The last quarter century saw remarkable progress against extreme poverty, globally. Between 1990 and 2013, the percentage of the world’s population living at or under $1.90/day fell from 35.3% to 10.7% - that is, from more than one in three people to approximately one in ten, planet-wide. Even in the shorter period between 2002 and 2013, the reduction was from 25.8% to 10.7%, meaning that about 850 million people moved out of extreme poverty during that decade alone.
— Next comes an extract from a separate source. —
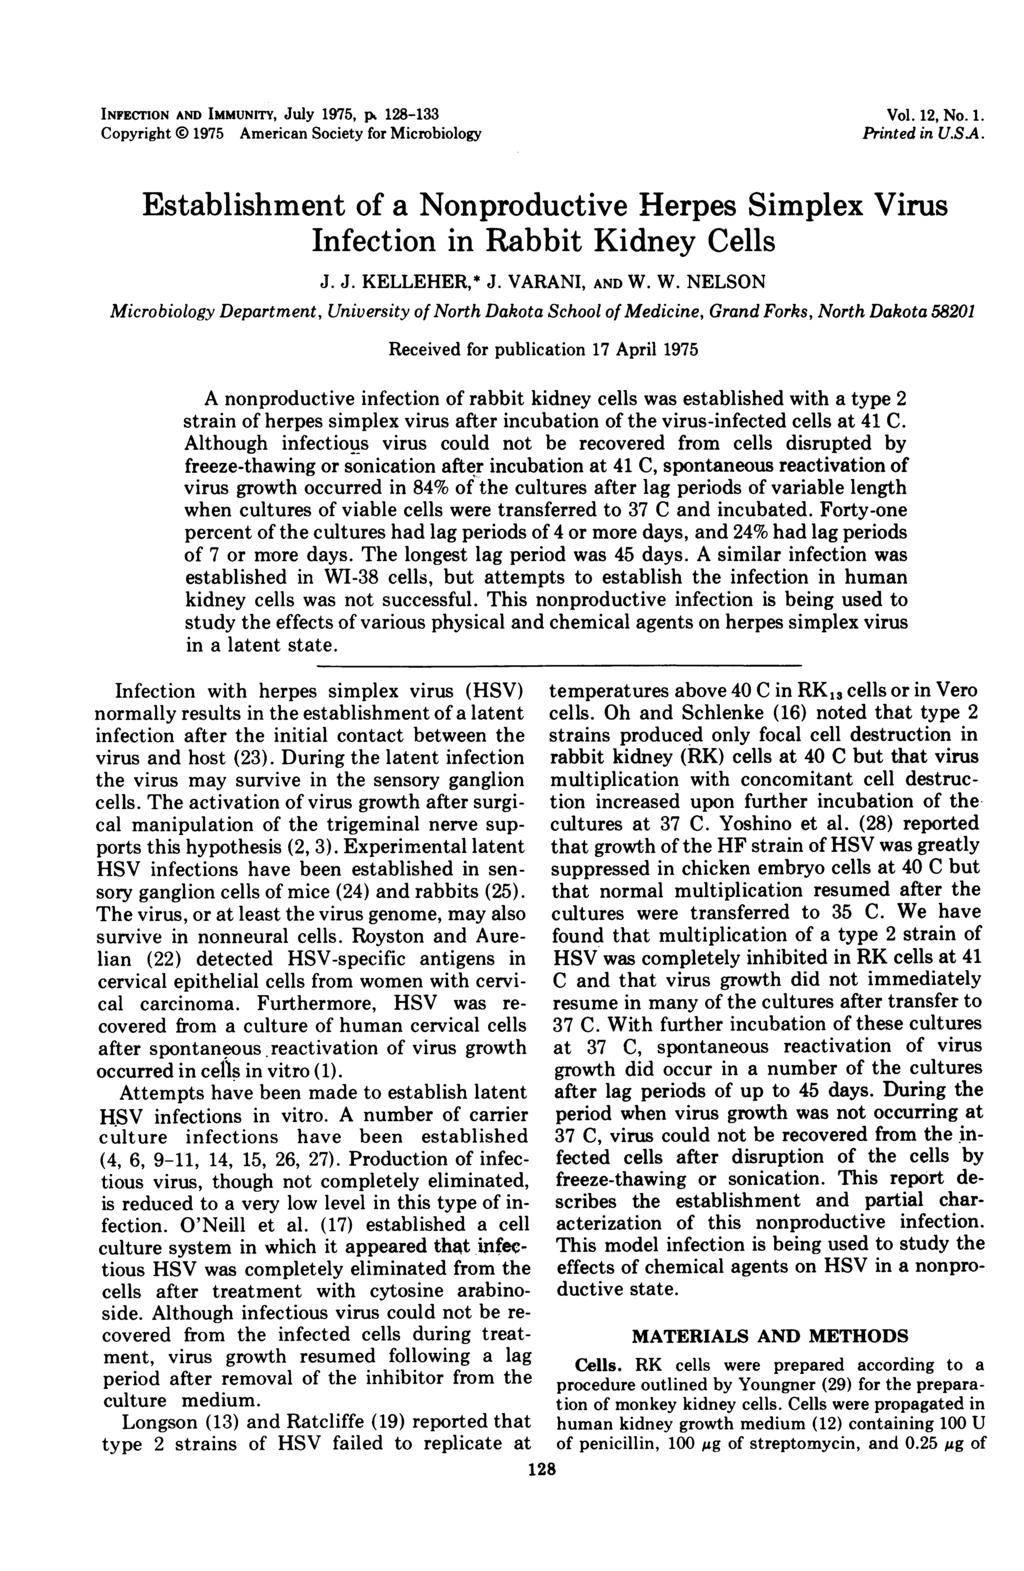 INFECTION AND IMMUNrrY, July 1975, p, 128-133 Copyright 0 1975 American Society for Microbiology Vol. 12, No. 1. Printed in U.SA.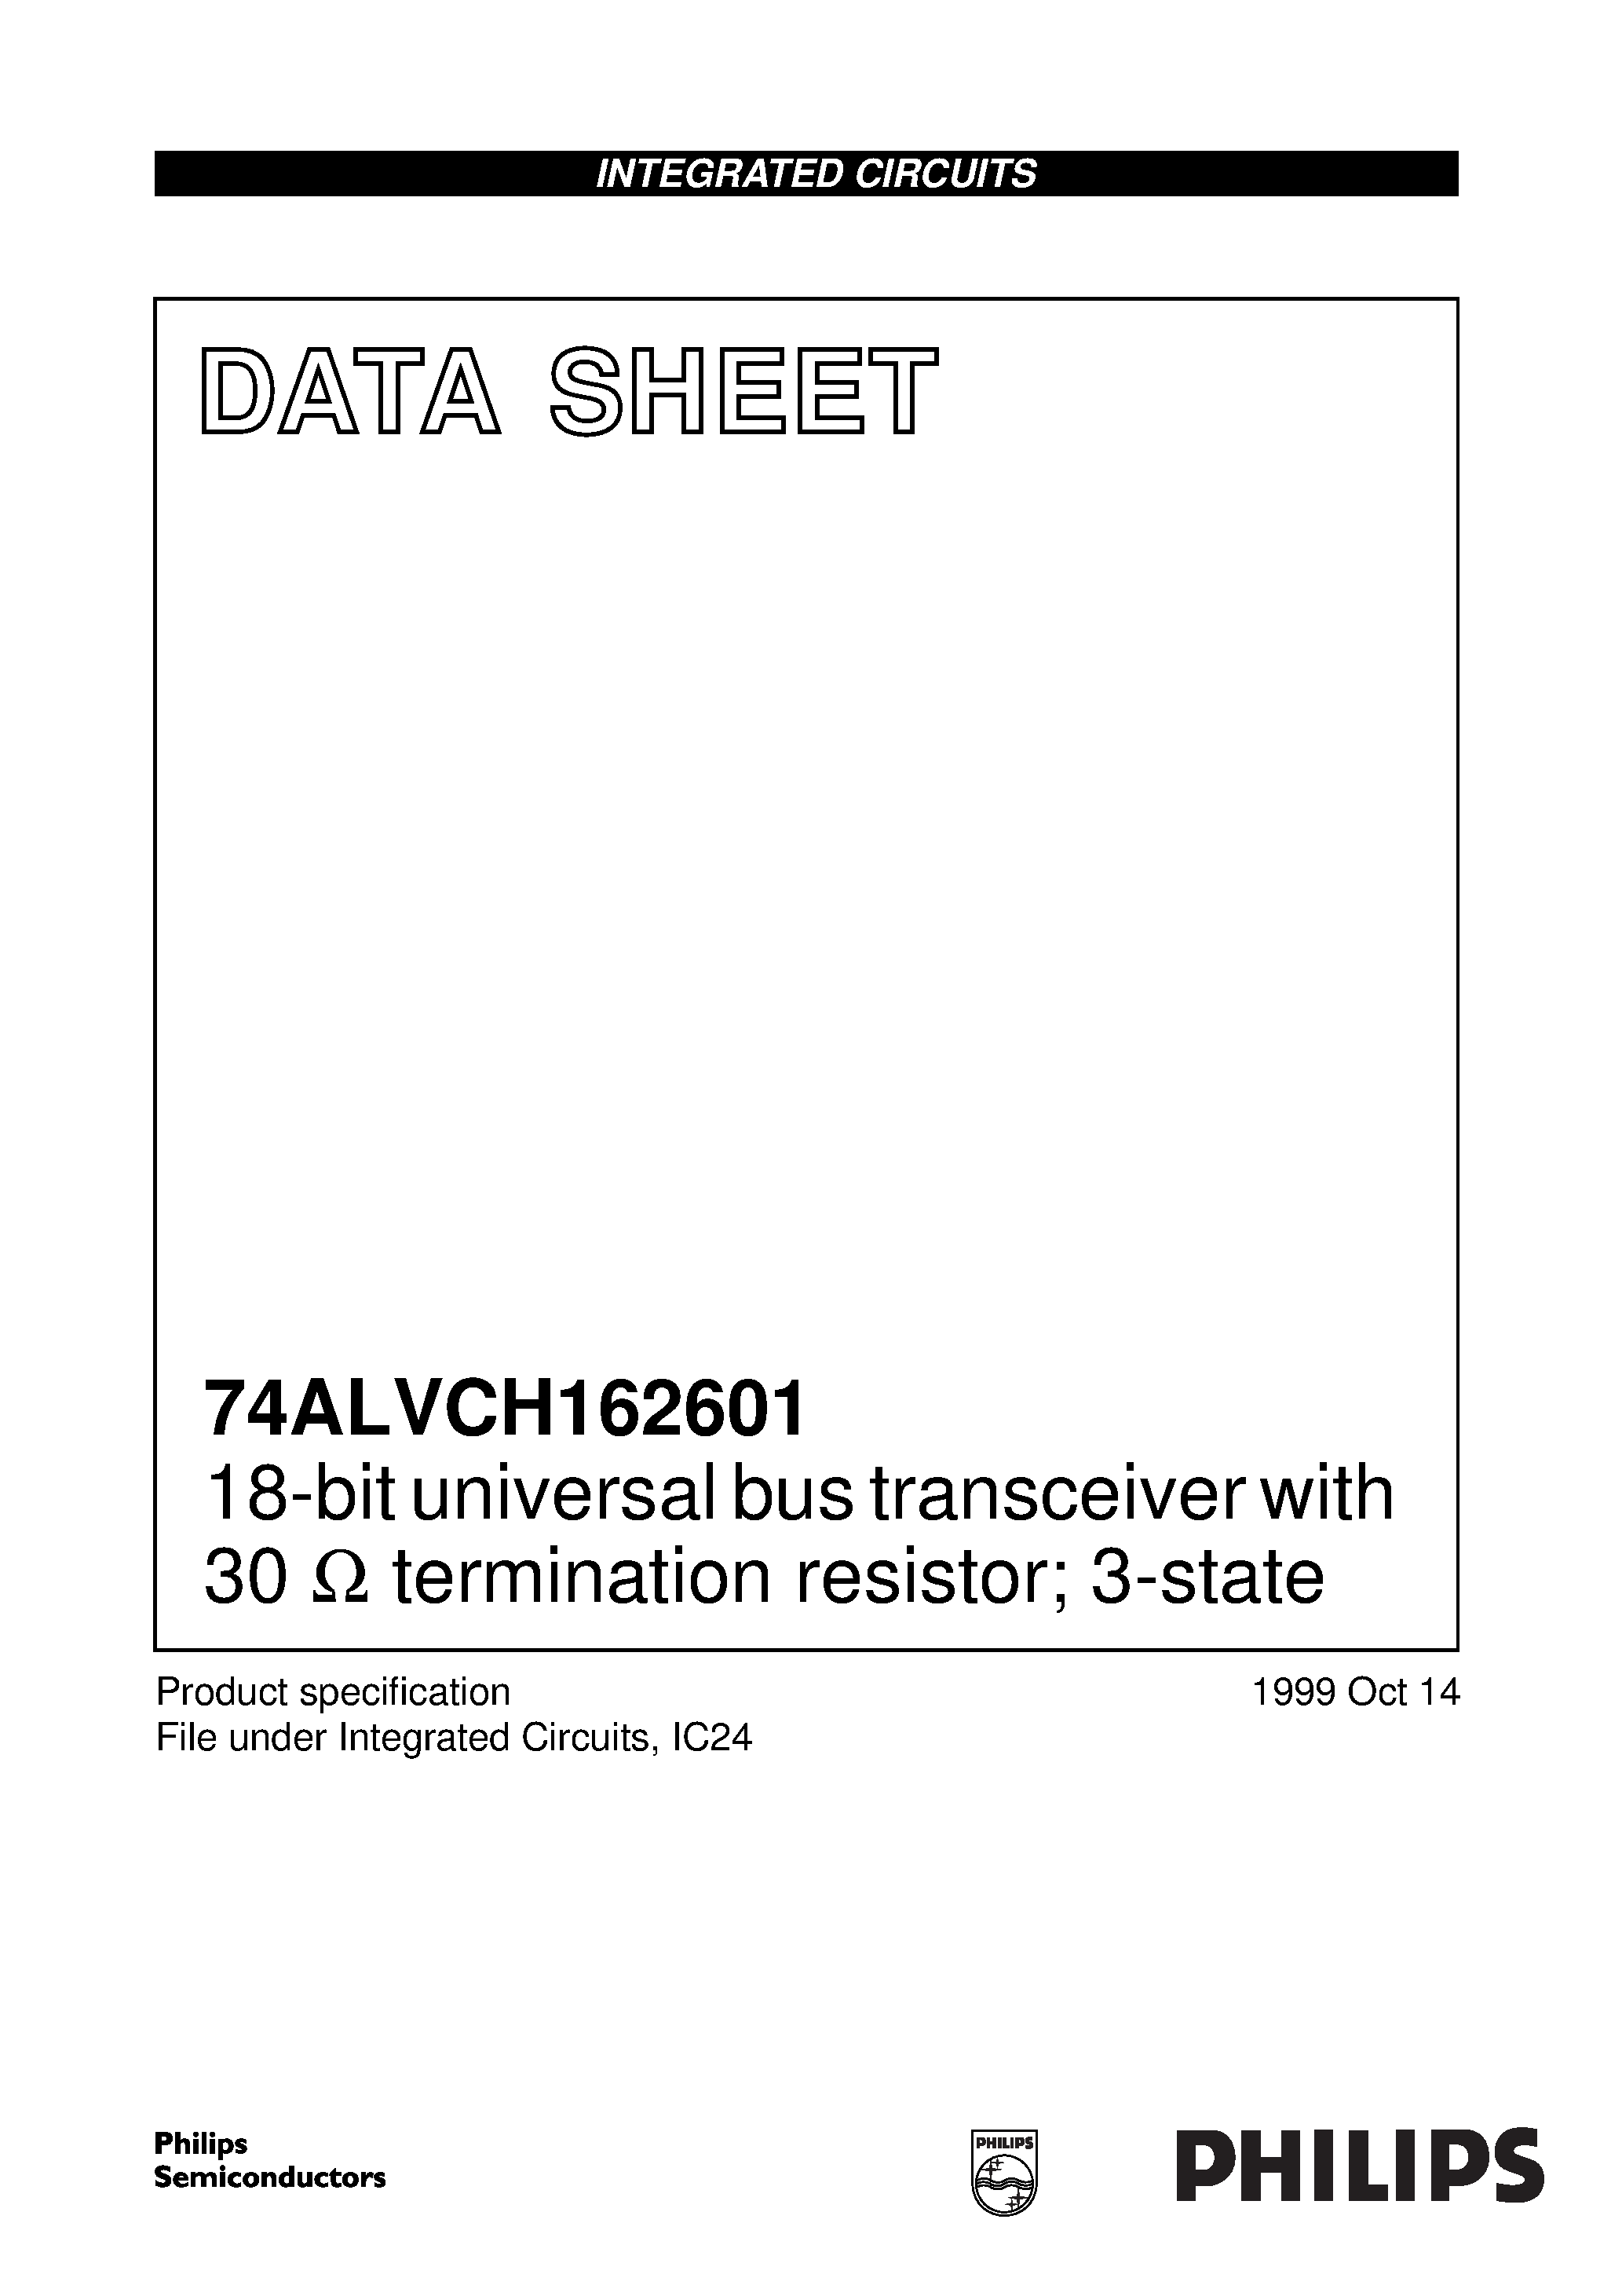 Datasheet 74ALVCH162601DGG - 18-bit universal bus transceiver with 30 ohm termination resistor; 3-state page 1

Yet, progress has been far from even. In previous analysis, we have often focused on differences in regional performances, highlighting the gap between progress in East Asia and Africa, for example. Here, we look more granularly at the country level, and highlight the plight of countries where, despite the general declining trend, poverty has actually increased between 2002 and 2013 – either in terms of the extreme poverty rate, or of the absolute numbers of people living under $1.90/day.
If we look at the 152 countries for which we have extreme poverty estimates in 2002 and 2013, the incidence of extreme poverty (with respect to the international poverty line of $1.90/person per day) fell in 116 countries, and rose or remained the same in 36 countries. To allow for sampling variability and other sources of comparison problems, let us consider only the 14 countries where the poverty headcount rose by more than 1 percentage point during 2002-2013: Their poverty changes are shown in Panel A of Figure 1 below.
Poverty can also be assessed in terms of the absolute number of poor people, and population growth means that the number of extremely poor people in a country can rise even when the percentage of the population living in extreme poverty is falling. For the same 152 countries, the number of poor people rose or remained the same in 53 countries. The 13 countries where numbers rose by more than 1 million (which together account for 87% of the total increase in the number of poor in those 53 countries) are shown in Panel B of Figure 1.
With the exception of Yemen (both panels), and Djibouti, Kiribati and Micronesia (Fig. 1A), all countries included in Figure 1 are in Sub-Saharan Africa. Fragility and conflict are clearly important factors contributing to rising poverty. For example, in South Sudan, extreme poverty increased by 25 percentage points (from 44 to 69 percent of the national population) or by 4.6 million people between 2002 and 2013. The Central African Republic (both panels), and the Democratic Republic of the Congo and Burundi (Fig. 1B) are also fragile states that have experienced substantial conflict and violence over the period. In a study of comparable, high-quality African surveys between 1996 and 2012, fragile countries had systematically slower poverty reduction.
Other countries where poverty increased experienced economic mismanagement (Zimbabwe) or political crisis (Guinea-Bissau and Madagascar). In yet other cases, such as Cameroon or Zambia, conflict and war were not a factor, but economic growth has been excessively dependent on a capital-intensive natural resource sector, to the detriment of the bulk of the population who remain insulated from the booming enclave, and work primarily in subsistence agriculture.
Source: PovcalNet. Poverty is measured using the international poverty line of $1.90/person per day. When countries do not have surveys in 2002 or 2013, interpolation and extrapolation methods are used.
When looking at the absolute number of poor people, rapid population growth is another important factor. Consider Mali (Fig. 1B), a country that has seen reasonable growth in GDP over this period, and where the poverty rate declined by 6 percentage points (from 58% to 52%), but where the total population grew very rapidly (by 42% between 2002 and 2013). The result was that the total number of poor people increased by 1.8 million. The Democratic Republic of the Congo (Fig. 1B) is another example of a country with fast population growth.
In conclusion, the world’s recent successes against extreme poverty are no cause for complacency. It is not only that leaving anyone behind, subsisting on less than $1.90 a day, is unacceptable. It is also the case that there are a number of countries where the scourge of poverty has actually been on the rise, even during the relatively good times of 2002-2013. A full 262 million people live in the countries in Figure 1B (using 2013 numbers).
There is no room in this short blog to dwell upon the factors associated with successes in poverty reduction – which, as the numbers above indicate, were far more common over this period. Each successful country has its own unique story, but World Bank (2016) discusses some common elements they tend to share. These include prudent macroeconomic policies, broad-based growth, well-functioning labor markets, coherent safety net systems, and sustained investments in both human capital and infrastructure. For the world community as a whole, and the World Bank in particular, a key priority is to help the countries that are being left behind by global progress to address the specific issues holding them back – frequently fragility and conflict – and join the larger group of nations successfully reducing extreme poverty.